We’ve already covered distance, but other commonly used functions
include angle_between_vectors
, dihedral
, unit_vector
,
find_foot
, radius_of_circumcircle
. Be sure to check out the
source code if you need a specific geometric function or have a look
through the documentation.
The dihedral
function is probably the most useful of these for
analysing proteins, so let’s use it to measure some torsion angles. It
requires 4 3D vectors to calculate the dihedral, again these can be
lists
, tuples
, numpy.arrays
or Atoms
. Note: This
method of calculating torsion angles is only as an example, see the
Tagging tutorial for the proper, low-effort method!
r1 = my_protein_3qy1['B'][4]
r2 = my_protein_3qy1['B'][5]
r3 = my_protein_3qy1['B'][6]
omega = ampal.geometry.dihedral(r1['CA'], r1['C'], r2['N'], r2['CA'])
phi = ampal.geometry.dihedral(r1['C'], r2['N'], r2['CA'], r2['C'])
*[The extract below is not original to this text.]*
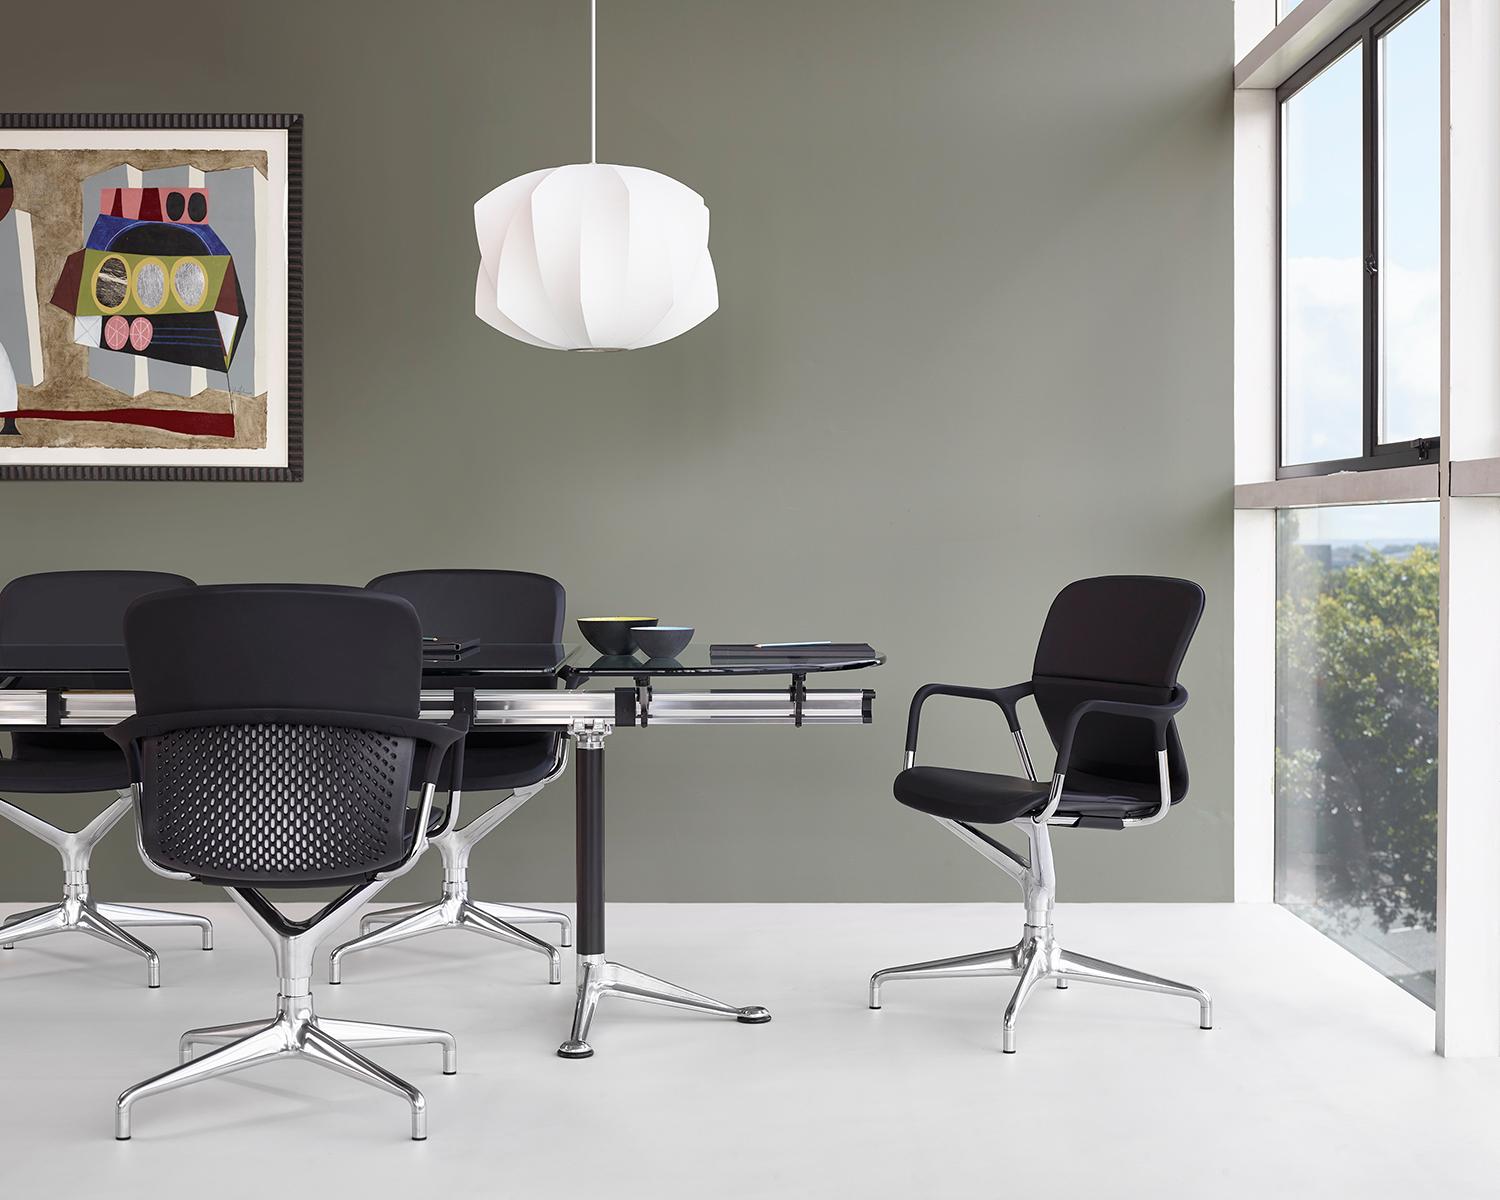 Responsive Meeting Chair From Herman Miller @ Europa Design

psi = ampal.geometry.dihedral(r2['N'], r2['CA'], r2['C'], r3['N'])
print(omega, phi, psi)
-179.8002001034783 -64.10861163046212 -45.84373968479124
We can use it to calculate the \(\chi\) torsion angles too. R2 is leucine, so we can calculate the \(\chi_1\) and \(\chi_2\) angles:
r2.atoms
OrderedDict([('N',
<Nitrogen Atom (N). Coordinates: (-5.186, -2.004, -31.807)>),
('CA',
<Carbon Atom (CA). Coordinates: (-4.911, -3.362, -31.310)>),
('C', <Carbon Atom (C). Coordinates: (-5.985, -4.346, -31.786)>),
('O', <Oxygen Atom (O). Coordinates: (-5.650, -5.434, -32.255)>),
('CB',
<Carbon Atom (CB). Coordinates: (-4.788, -3.418, -29.770)>),
('CG',
<Carbon Atom (CG). Coordinates: (-3.838, -2.437, -29.061)>),
('CD1',
<Carbon Atom (CD1). Coordinates: (-3.653, -2.831, -27.613)>),
('CD2',
<Carbon Atom (CD2). Coordinates: (-2.478, -2.359, -29.736)>)])
chi1 = ampal.geometry.dihedral(r2['N'], r2['CA'], r2['CB'], r2['CG'])
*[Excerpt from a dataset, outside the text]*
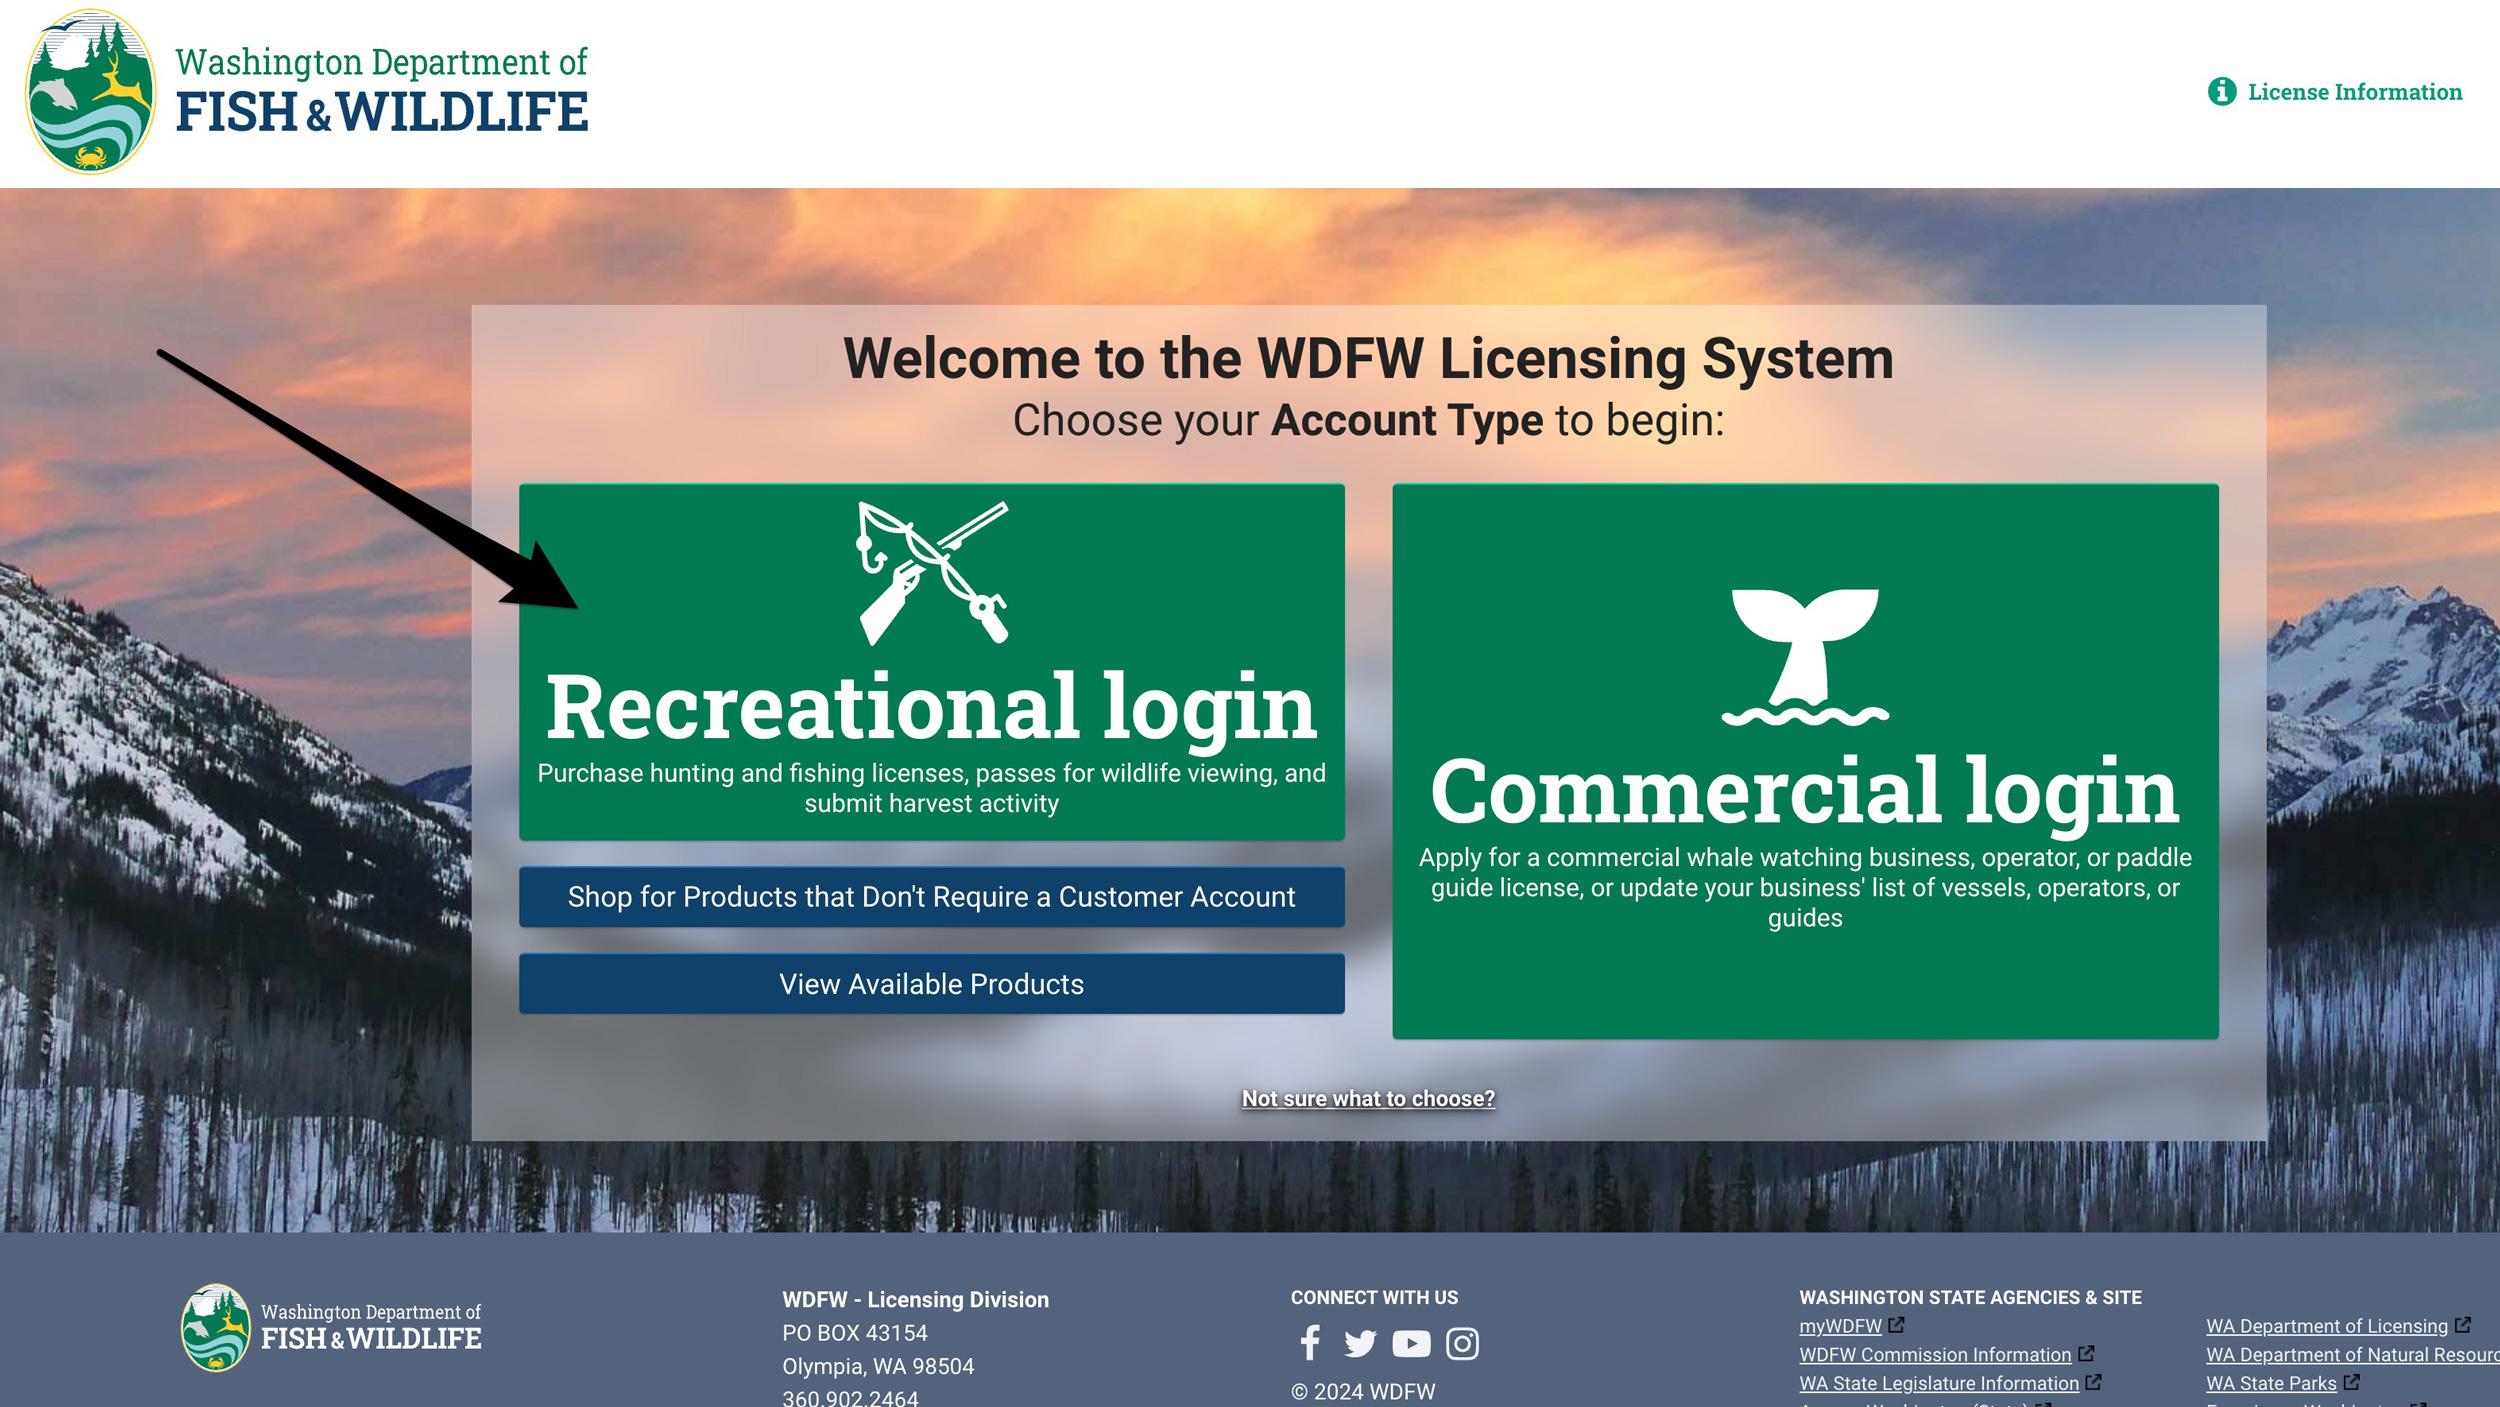 Washington Department of Fish and Wildlife licensing page login

chi2 = ampal.geometry.dihedral(r2['CA'], r2['CB'], r2['CG'], r2['CD1'])
print(chi1, chi2)
-51.38040366349739 -168.70006206564494
Our simple analysis shows that the leucine residue is in the gauche-/trans conformation.
6. Summary and activities¶
There are lots of tools for making complex selections in ampal. Combined with the tools for geometry, detailed analysis can be performed on these selections.
Find all the residues that are:
within 5 Å of crystal water.
not within 5 Å of crystal water.
Find how many cis-peptide bonds there are in this structure.
Perform these activities on another PDB file.